The probability of poor health 10 years ago: 0.01
The probability of fair health 10 years ago: 0.97
The probability of good health 10 years ago: 0.97
The probability of excellent health 10 years ago: 0.52


### Summary
- Results suggest that those who self-reported their current health as Excellent were more likely to have reported the same status for their health 10 years ago.
- Those who self-reported health as excellent had the same probability of reporting their health 10 years ago as either fair or good.

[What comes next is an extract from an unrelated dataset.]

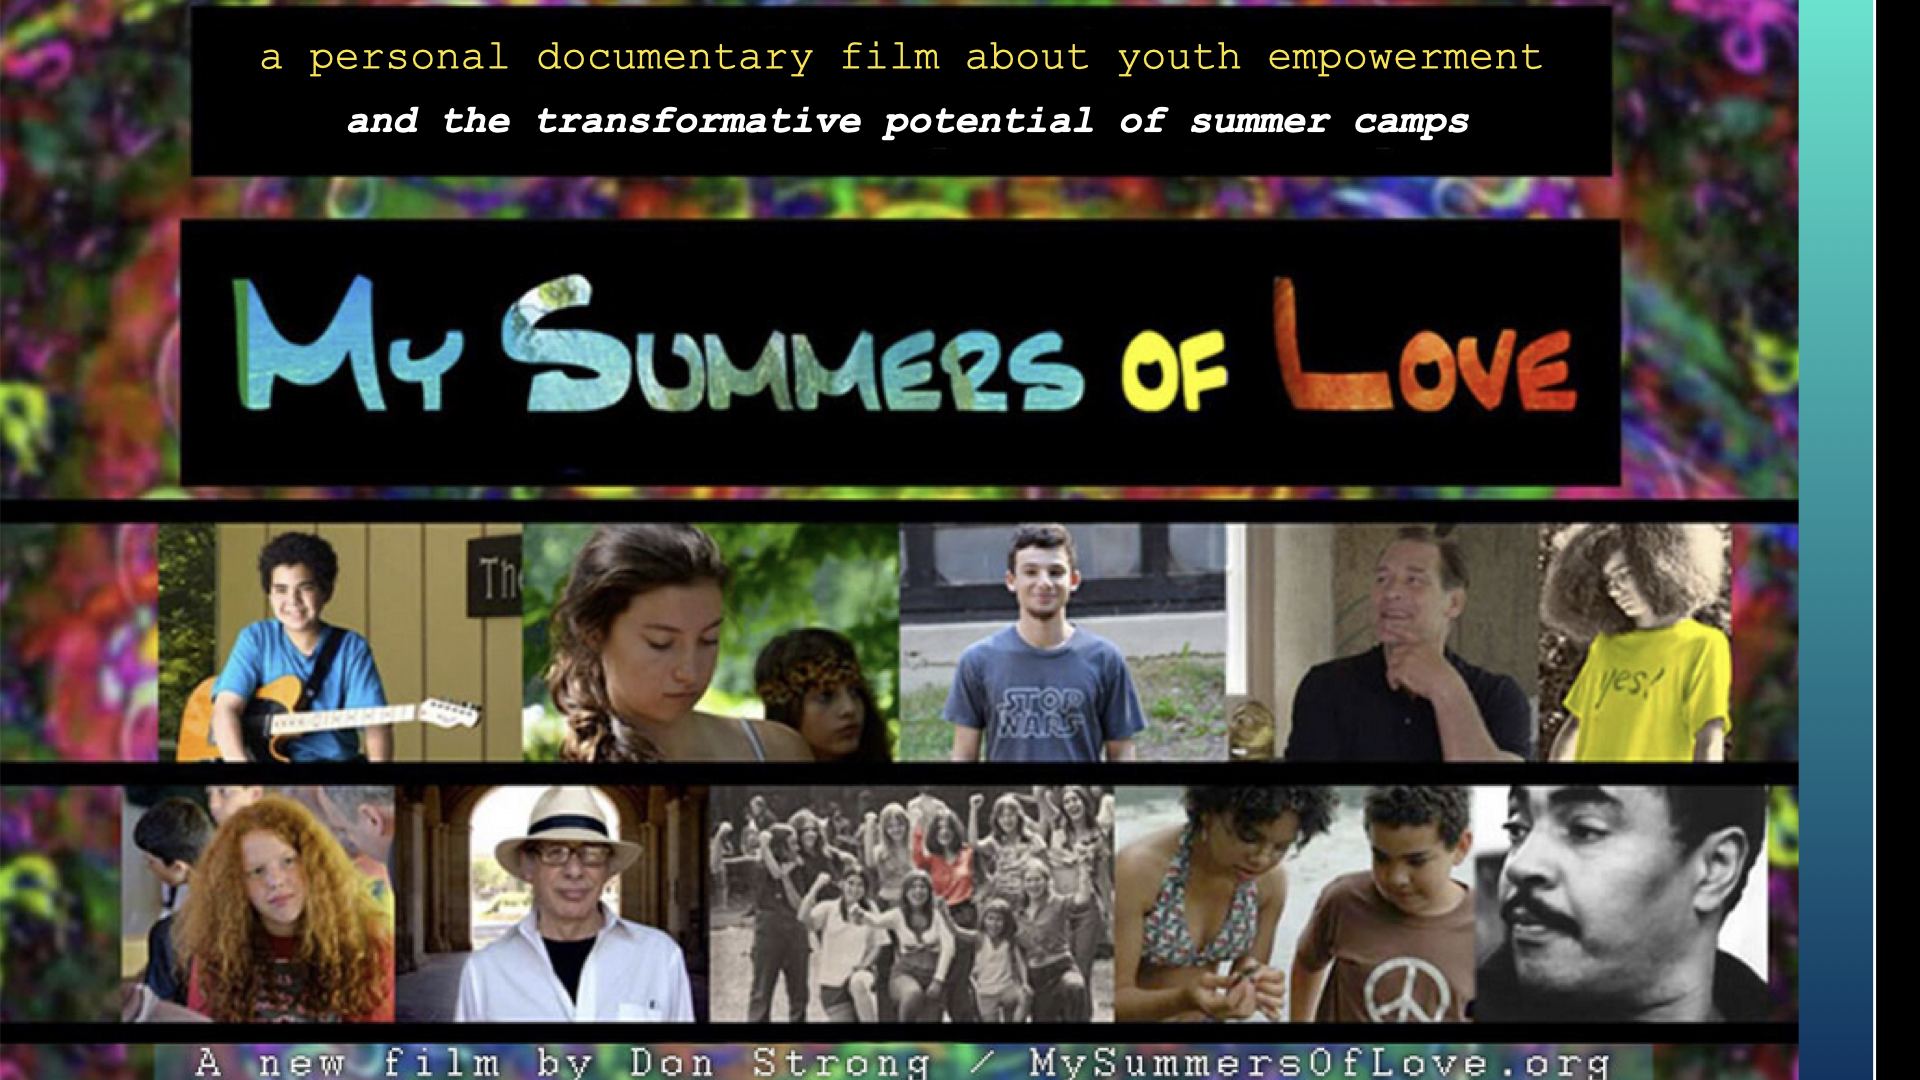 Text title "My Summers of Love - A personal documentary film about youth empowerment and the transformative potential of summer camps - A new film by Don Strong / MySummersOfLove.org" Photos of several youth and adults at camp.

- It seems that health status has remained largely unchanged or improved within a decade. I assume there are several factors, such as sleep quality, nutrition, smoking/alcohol consumption, exercise, stress etc that people must moderate in order to achieve those results.


## Bayes's Theorem

I might have lost the plot here.





In [36]:
#create dataframe and prior probabilities
table = pd.DataFrame(index=['Poor Past Health', 'Fair Past Health', 'Good Past Health', 'Excellent Past Health'])
table['prior'] = [1/4, 1/4, 1/4, 1/4]
table

Unnamed: 0,prior
Poor Past Health,0.25
Fair Past Health,0.25
Good Past Health,0.25
Excellent Past Health,0.25


In [37]:
#normalize the probability
table['likelihood'] = 0.01, 0.97, 0.97, 0.52
table

Unnamed: 0,prior,likelihood
Poor Past Health,0.25,0.01
Fair Past Health,0.25,0.97
Good Past Health,0.25,0.97
Excellent Past Health,0.25,0.52


In [38]:
table['unnorm'] = table['prior'] * table['likelihood']
table

Unnamed: 0,prior,likelihood,unnorm
Poor Past Health,0.25,0.01,0.0025
Fair Past Health,0.25,0.97,0.2425
Good Past Health,0.25,0.97,0.2425
Excellent Past Health,0.25,0.52,0.13


In [39]:
prob_data = table['unnorm'].sum()
table['posterior'] = table['unnorm'] / prob_data
table

Unnamed: 0,prior,likelihood,unnorm,posterior
Poor Past Health,0.25,0.01,0.0025,0.004049
Fair Past Health,0.25,0.97,0.2425,0.392713
Good Past Health,0.25,0.97,0.2425,0.392713
Excellent Past Health,0.25,0.52,0.13,0.210526


In [41]:
# Starting w/ a different prior
table['prior2'] = 1/4, 1/2, 1/4, 1/2
table['unnorm2'] = table['prior2'] * table['likelihood']
prob_data = table['unnorm2'].sum()
table['posterior2'] = table['unnorm2'] / prob_data  #Compute posterior prob
table

Unnamed: 0,prior,likelihood,unnorm,posterior,prior2,unnorm2,posterior2
Poor Past Health,0.25,0.01,0.0025,0.004049,0.25,0.0025,0.002525
Fair Past Health,0.25,0.97,0.2425,0.392713,0.5,0.485,0.489899
Good Past Health,0.25,0.97,0.2425,0.392713,0.25,0.2425,0.244949
Excellent Past Health,0.25,0.52,0.13,0.210526,0.5,0.26,0.262626


### Activity

Identify a sociological question that you can ask of the Baylor survey data. This will require you to browse the codebook to see the kinds of variables available. Start with a simple question of the form "Is Y related to X?" where X and Y are sociological concepts. (In the example in this notebook, we asked if attendance at religious services was related to religiosity.)

Select variables that operationalize the concepts in your question.

Compute probabilities that allow you to formulate an answer to your question.

Explain your answer and why you computed the specific probabilities you chose.